Goście niedawno poszli. Wasilij Wasiliewicz Bałakiriew i jego syn Witieńka siedzieli naprzeciw siebie przy opustoszałym po ich wyjściu imieninowym stole. Ojciec, popijając ze szklanki z ciężkim jubileuszowym złotym koszyczkiem mocną jak siekiera herbatę - koszyczek ten dostał kiedyś od aktorów za ich składkowe - mówił nieśpiesznie i cicho; Witieńka, podniecony wypitą wódką - szybko i głośno.


Spór dotyczył tego, celowo czy też przypadkiem trzy dni temu przed niedzielą odjechał mostem Dymitra do swojej daczy w Żaworonkach zasłużony artysta republiki Lichaczow - a następnego dnia te Żaworonki zostały zajęte przez Niemców.

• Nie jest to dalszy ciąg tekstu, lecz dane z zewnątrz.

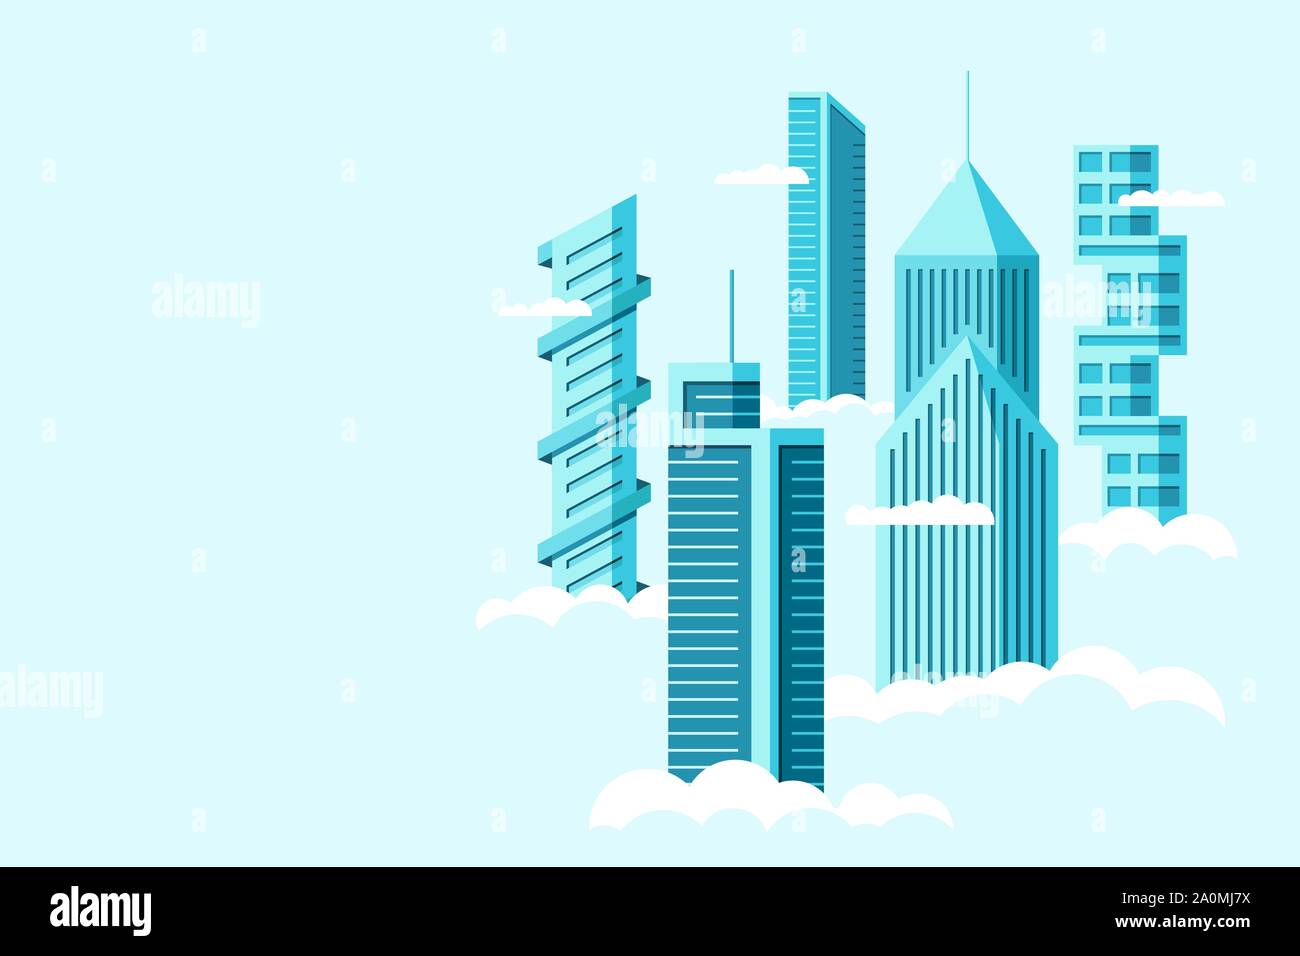 Città futura dettagliata con diversi edifici alta architettura grattacieli appartamenti sopra le nuvole. Città futuristica grafica del paesaggio urbano. Costruzione immobiliare vettoriale sopra l'illustrazione del cielo Illustrazione Vettoriale

Wasilij Wasiliewicz twierdził, że przypadkowo, syn zaś krzyczał, że było to z góry ukartowane. Kłótnia zaczęła się jeszcze przy gościach, i obaj już wtedy wypowiedzieli swoje zdanie, tyle że wówczas, kiedy jeszcze wszyscy siedzieli przy stole, ojciec utrzymywał, że to niemożliwe, ponieważ Lichaczow jednak, jakby nie było, jest człowiekiem radzieckim, a Witieńka na to, iż to do niego całkiem podobne, bo ten stary szczwany krętacz zawsze był wywrotowcem.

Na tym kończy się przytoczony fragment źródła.